What this task involves → In the listing below, find the line with "Land and Ocean" and the line with "Sleep Turban/Beanie with", then return them and every line between them exactly, minus the pictures.

Dataset →

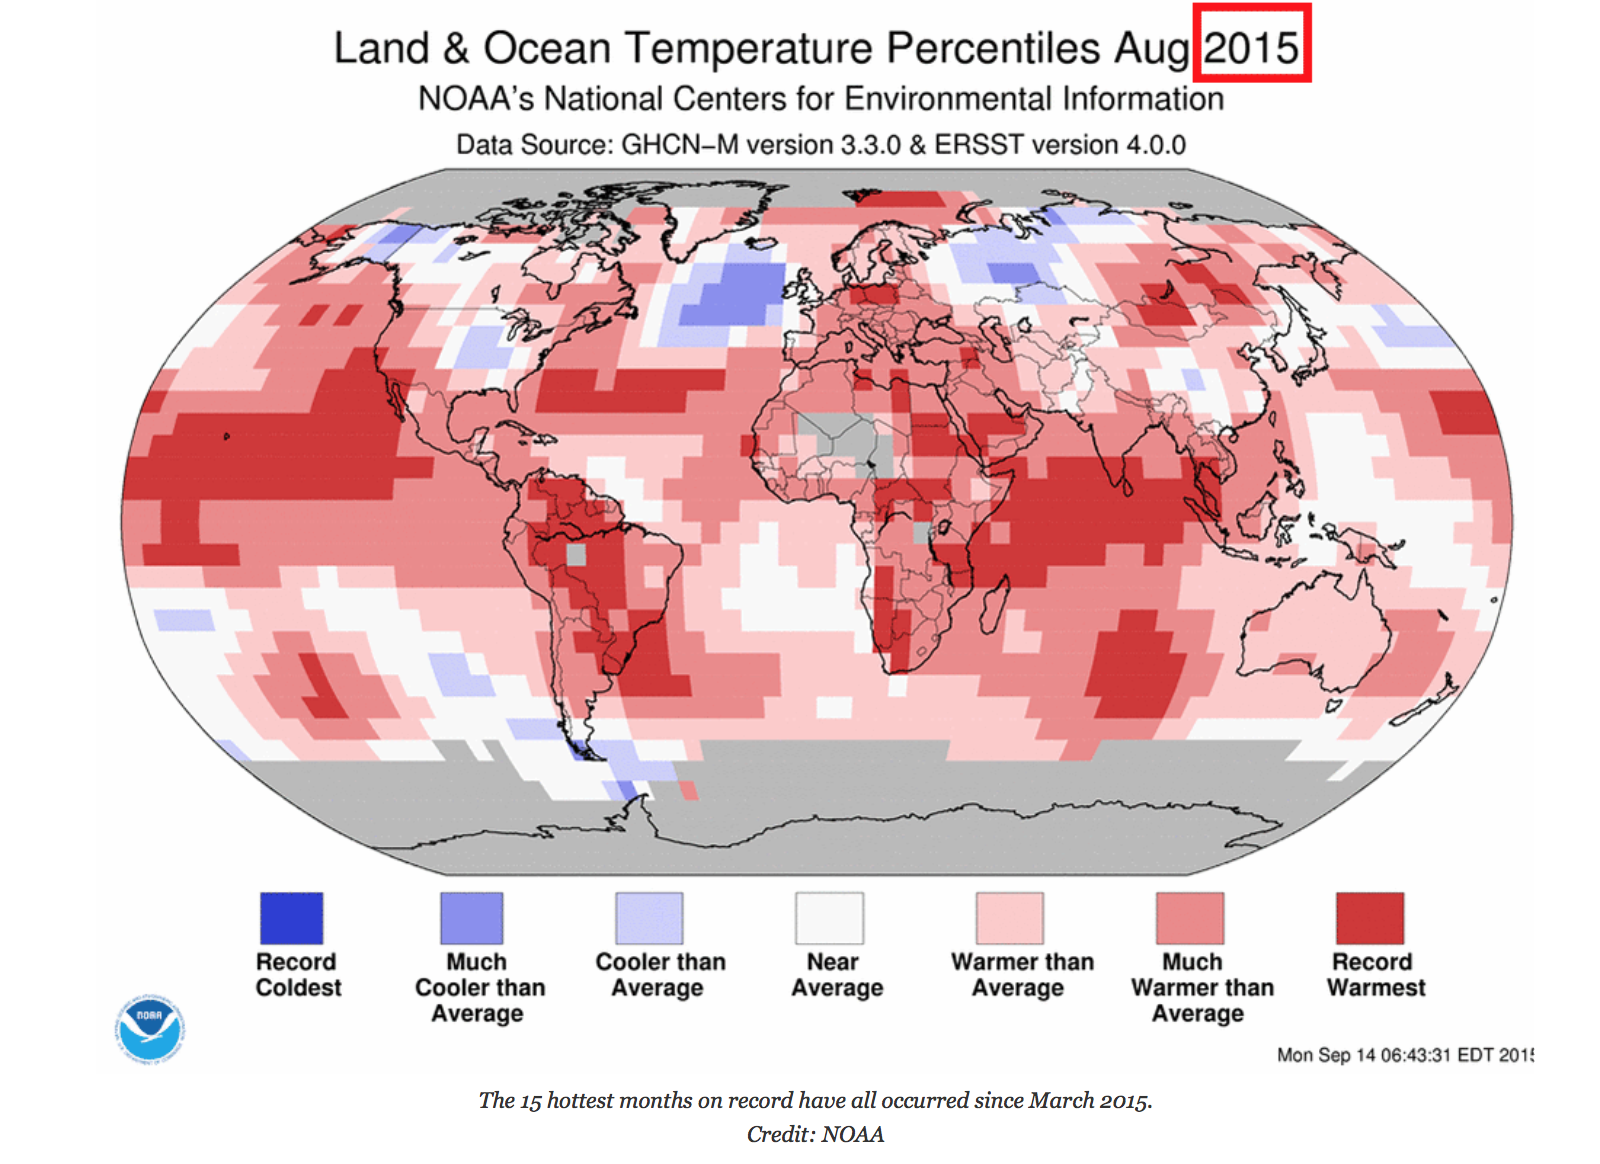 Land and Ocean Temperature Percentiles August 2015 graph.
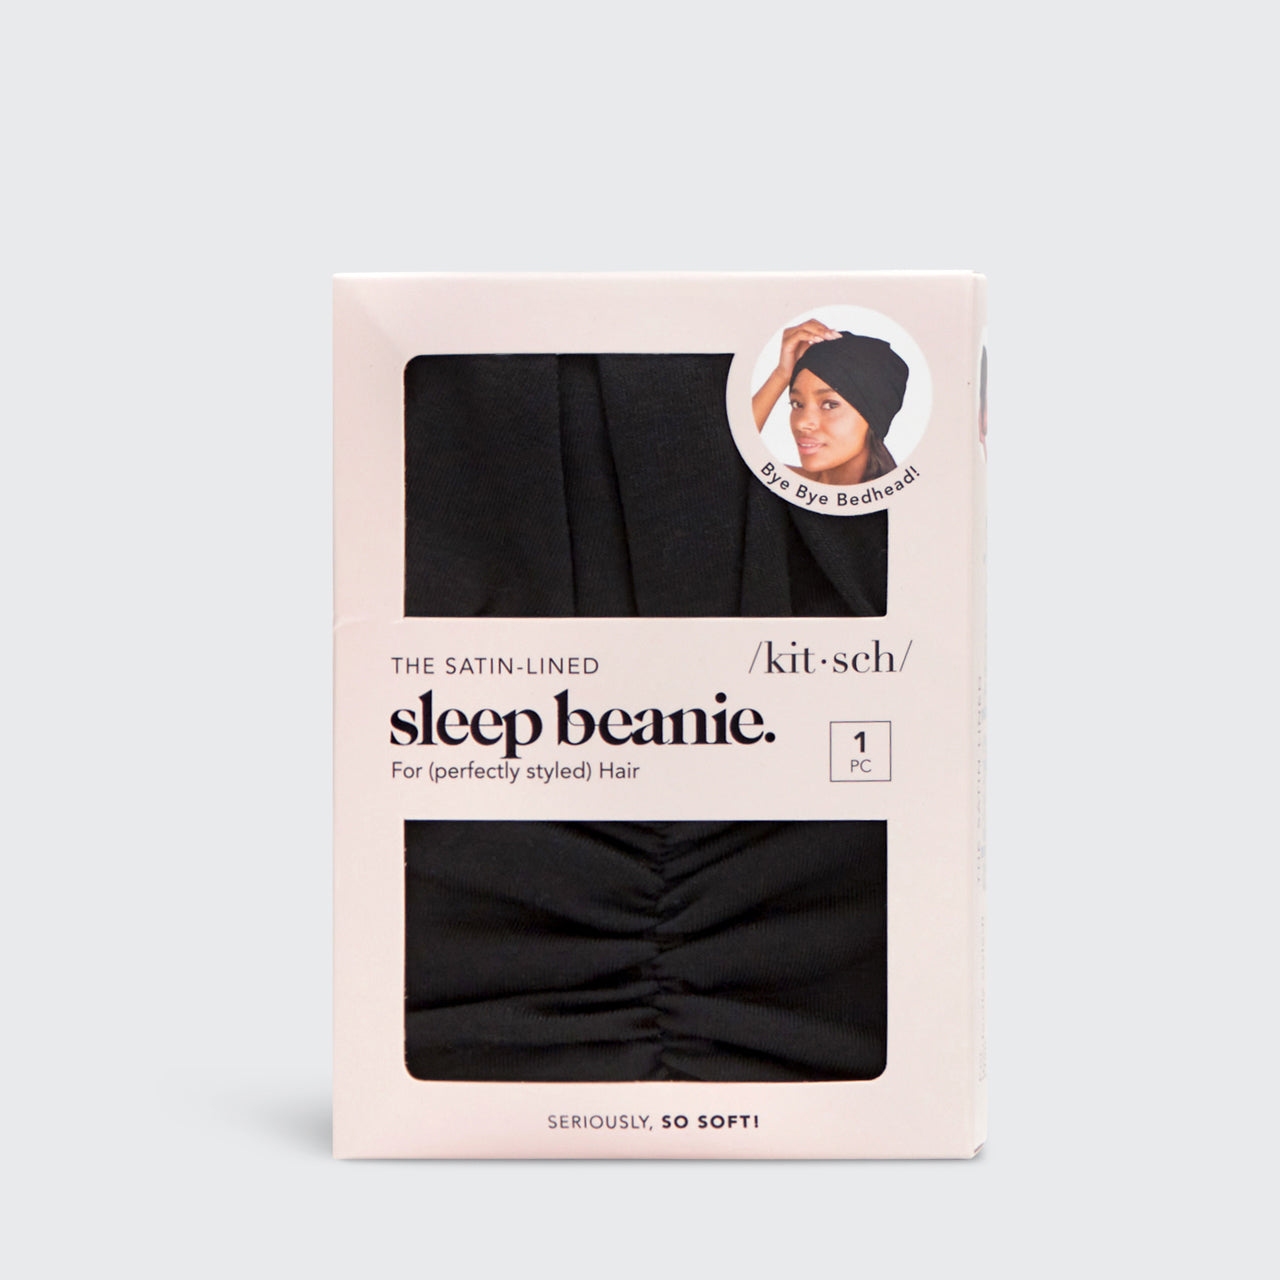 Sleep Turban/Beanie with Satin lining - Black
--
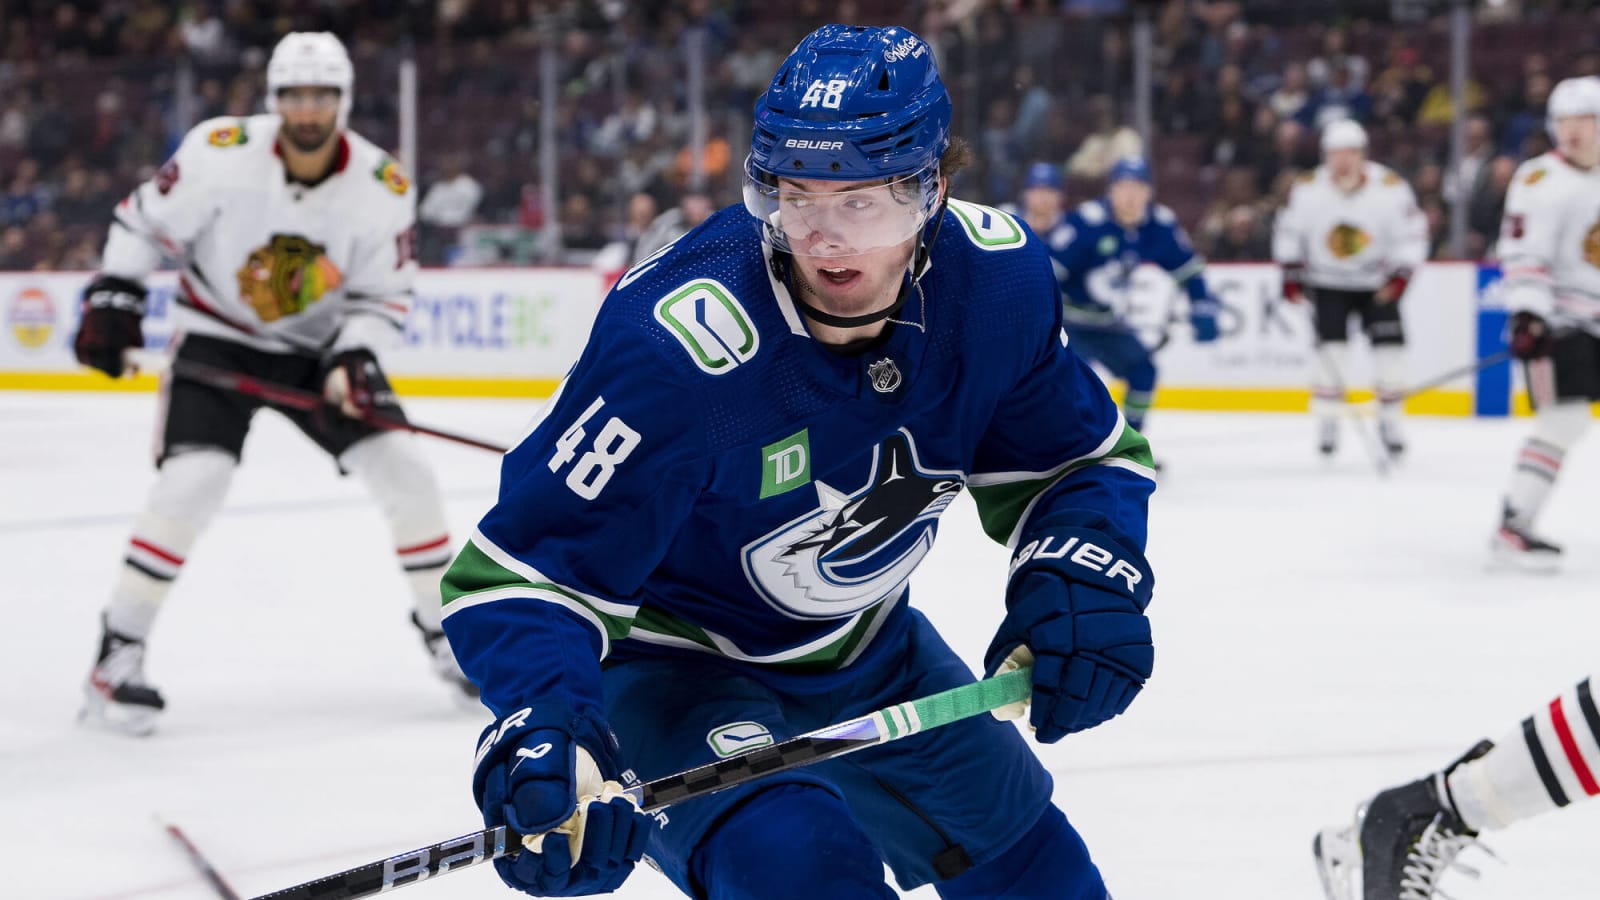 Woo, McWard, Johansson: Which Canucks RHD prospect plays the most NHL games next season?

Solution to this task →
 Land and Ocean Temperature Percentiles August 2015 graph.
 Sleep Turban/Beanie with Satin lining - Black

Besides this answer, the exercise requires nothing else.